(Beginning of Dataset content)
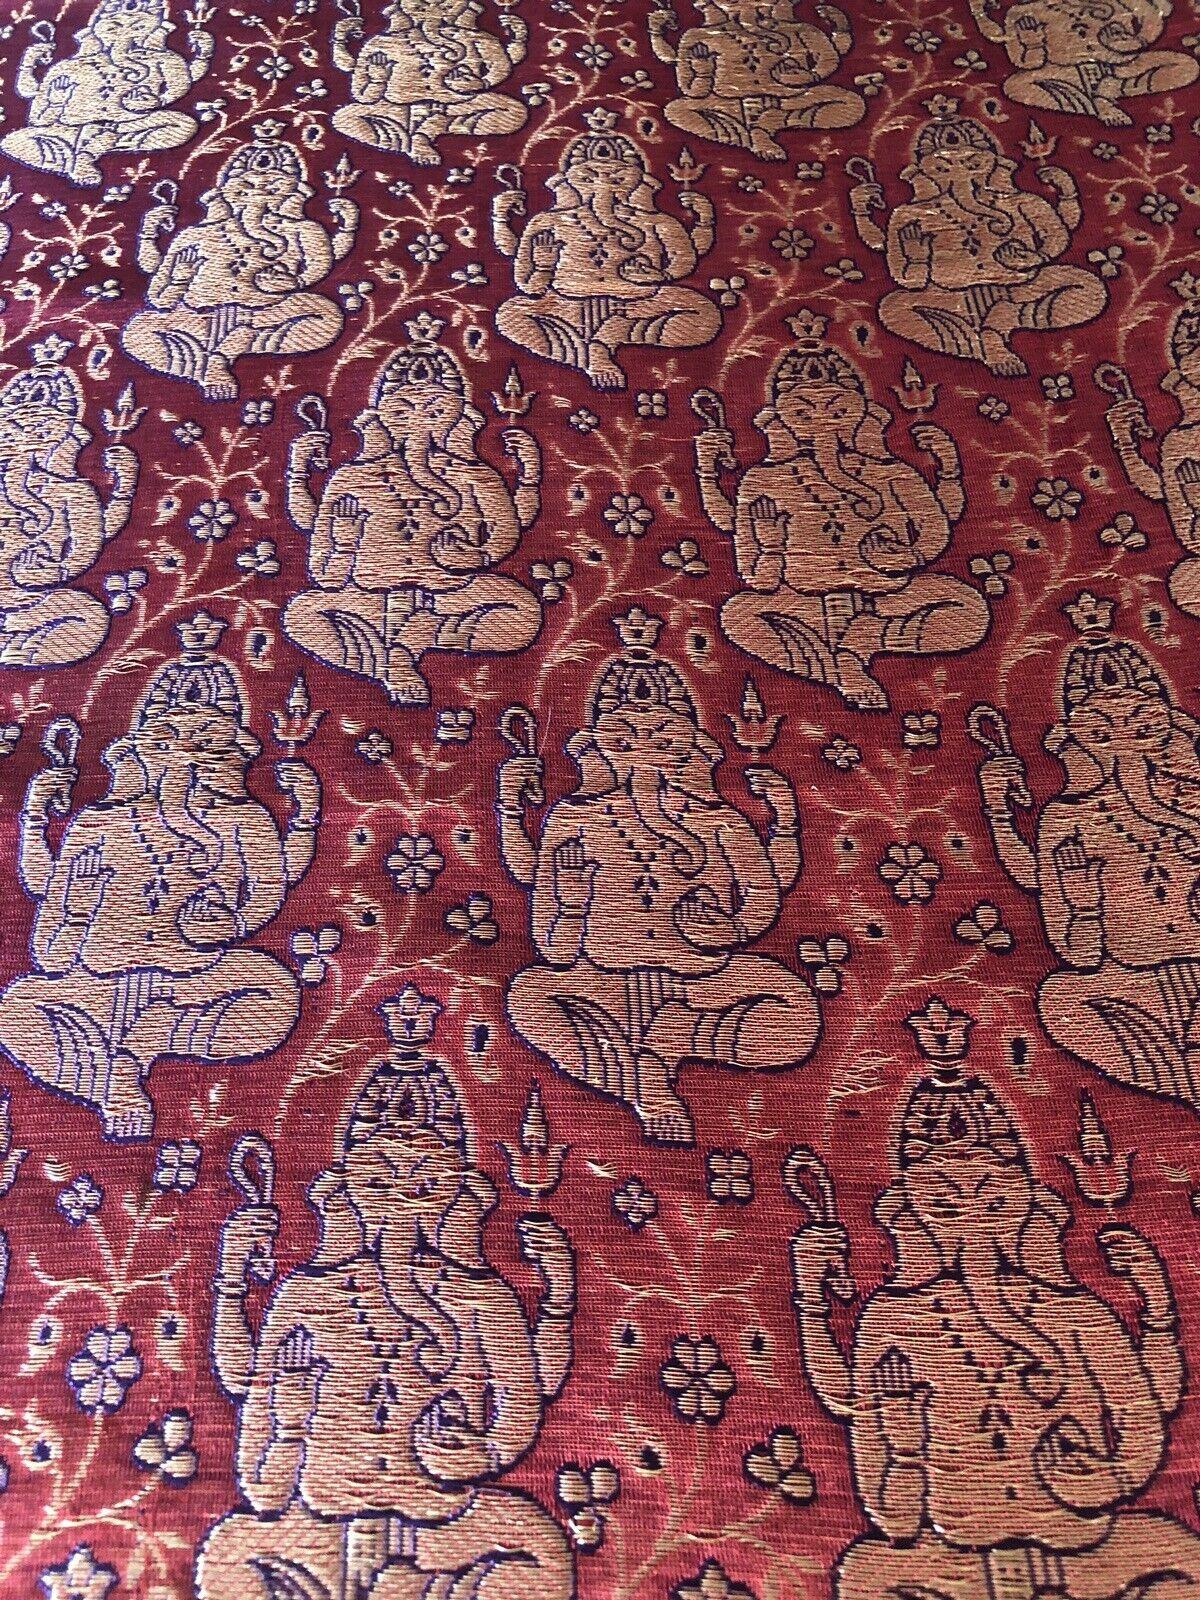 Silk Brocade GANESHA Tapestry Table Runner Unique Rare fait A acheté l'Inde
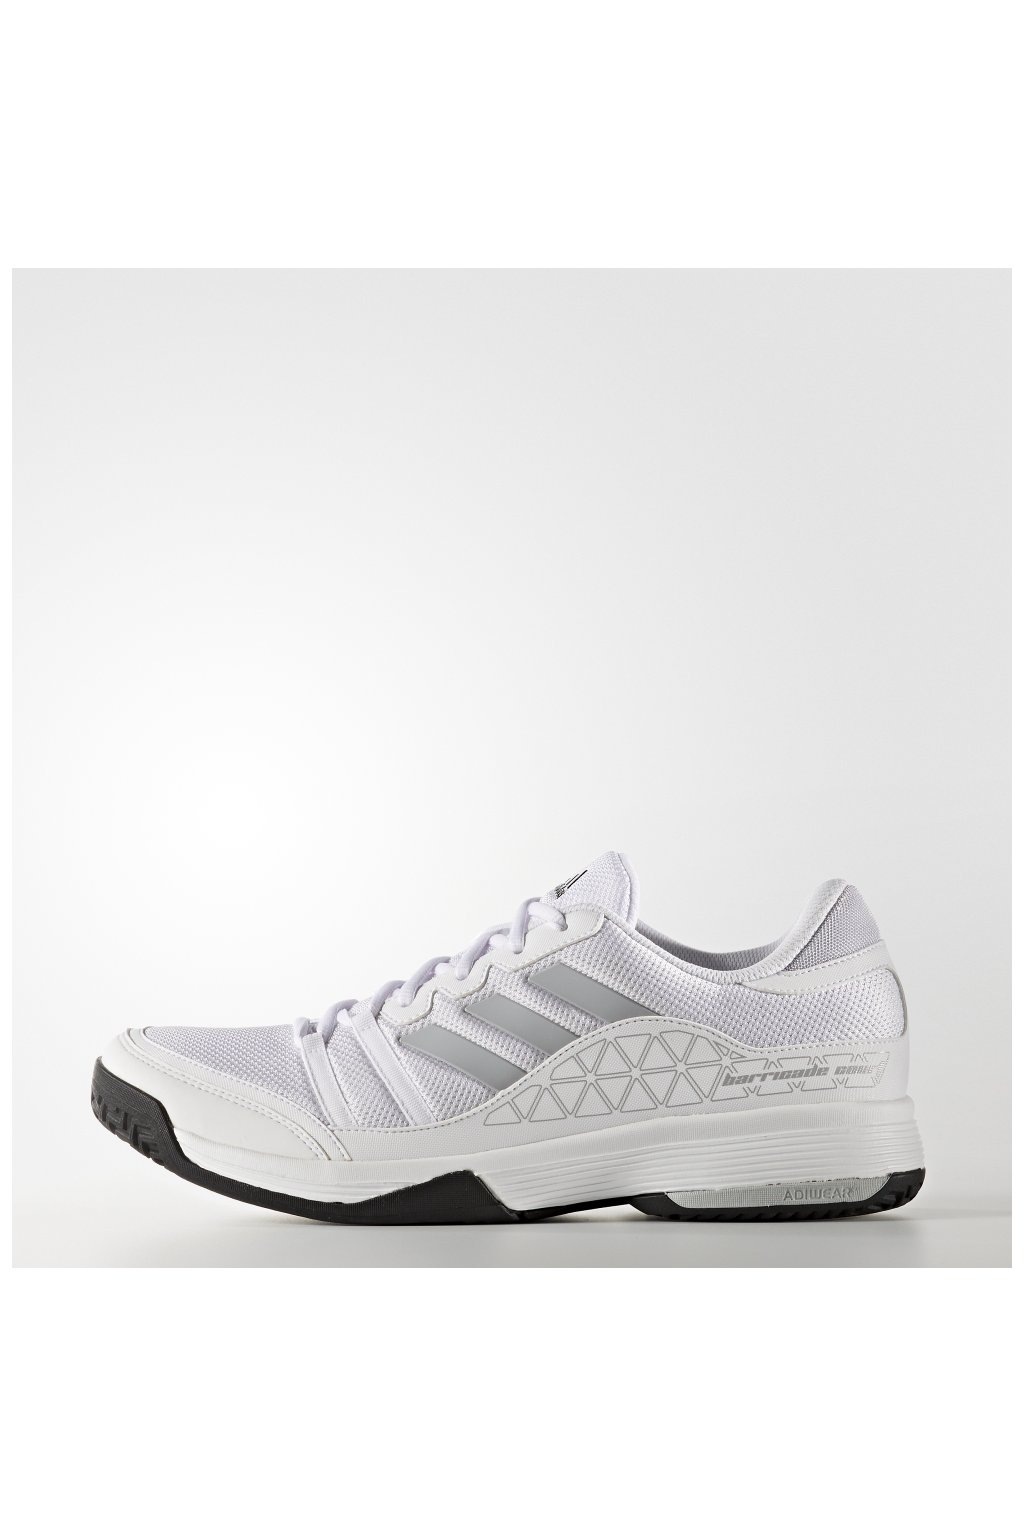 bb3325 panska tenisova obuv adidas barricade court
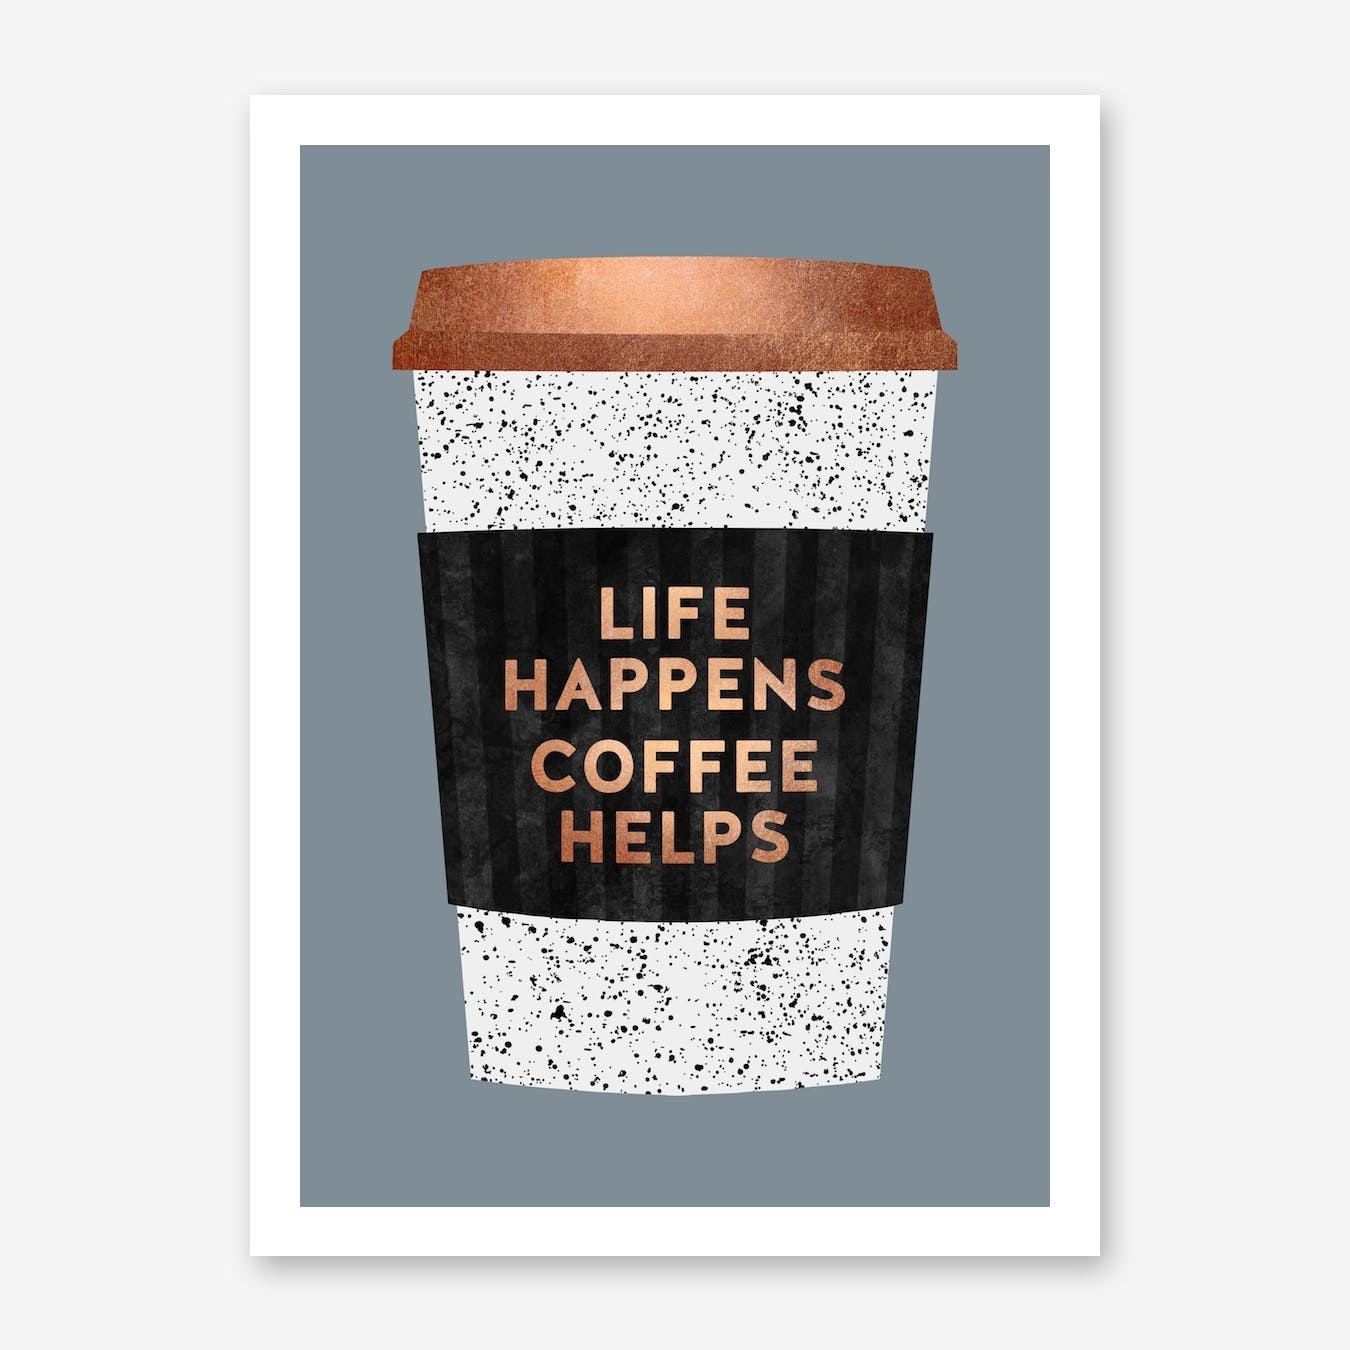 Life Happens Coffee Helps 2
(End of Dataset content)
**What you need to do**
Pictures are to be omitted. Output verbatim only the lines from the one holding "bb3325 panska tenisova" through the end of the material, both included.

**Solution to the exercise**
 bb3325 panska tenisova obuv adidas barricade court
 Life Happens Coffee Helps 2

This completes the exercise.